A wave of selling hit AI-adjacent stocks last week, triggered by a surprise revenue miss from IBM and spreading fast across the enterprise tech sector. IBM CEO Arvind Krishna revealed that clients spent the final weeks of June pulling capital out of software and consulting deals to panic-buy supply-constrained servers and memory ahead of expected price hikes. That announcement sent IBM shares down more than 20% — the stock’s worst single-day drop since the 1987 crash — and dragged Workday (WDAY), ServiceNow (NOW), Salesforce (CRM), and Accenture (ACN) lower in sympathy. The selloff is being called “SaaSmageddon” by some on Wall Street, and it has created significant dislocations in stocks that have nothing fundamentally wrong with them.

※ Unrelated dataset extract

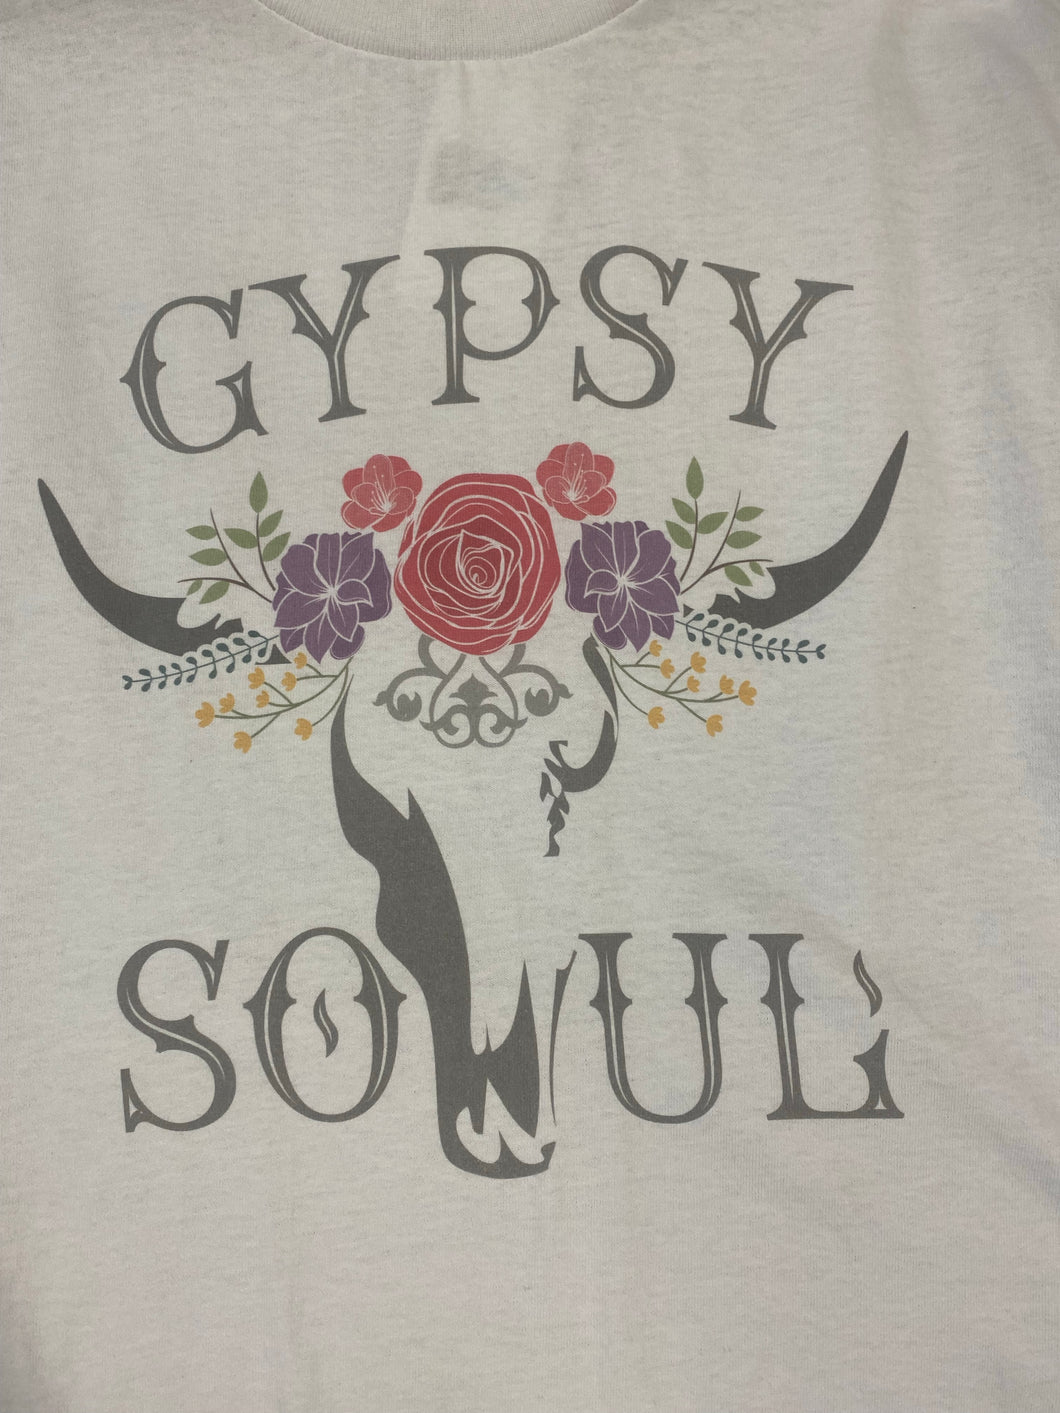 Gypsy Soul Youth Tee

The irony is that while IBM cratered, Samsung simultaneously reported a preliminary Q2 operating profit of roughly 89.4 trillion won — nearly $60 billion — up 19 times year over year, driven almost entirely by AI memory demand. The same hardware shortage that is minting record profits for chipmakers and memory producers is disrupting enterprise software budgets everywhere else. Among the names that analysts argue are now attractively priced after the pullback: SpaceX (SPCX), which carries buy ratings from Goldman Sachs ($205 target), Morgan Stanley ($300 target), and Oppenheimer, with revenue estimates jumping from $18.6 billion to $38.7 billion this year and projections reaching $135 billion by 2028. Palantir (PLTR) sits roughly 26-27% below its recent highs after getting caught in the SaaS selloff despite having fundamentally different revenue drivers. Amazon (AMZN) just tapped debt markets for $25 billion to fund AI infrastructure while trading at 22.6 times forward earnings — near a five-year low. TeraWulf (WULF) recently signed a 20-year, $19 billion deal with Anthropic for a 401-megawatt AI campus in Kentucky, validating its pivot from Bitcoin miner to AI infrastructure landlord. And Meta Platforms (META) continues building AI infrastructure through custom chips and massive computing expansion despite near-term sentiment headwinds.
The actionable angle here is straightforward: the AI infrastructure buildout has not slowed. What changed is that investors got spooked by IBM’s idiosyncratic problem — clients front-loading hardware buys — and sold indiscriminately. Samsung’s blowout results confirm that AI spending is accelerating, not retreating. For retail investors, this type of sentiment-driven selloff in quality names with concrete AI revenue streams is historically where long-term entries are made. The stocks that fell due to guilt-by-association with IBM rather than their own fundamentals deserve a closer look at current prices. Watch September hike odds for the macro backdrop, and watch each company’s next earnings report for confirmation that capex trends remain intact. The dip looks like opportunity rather than a trend reversal.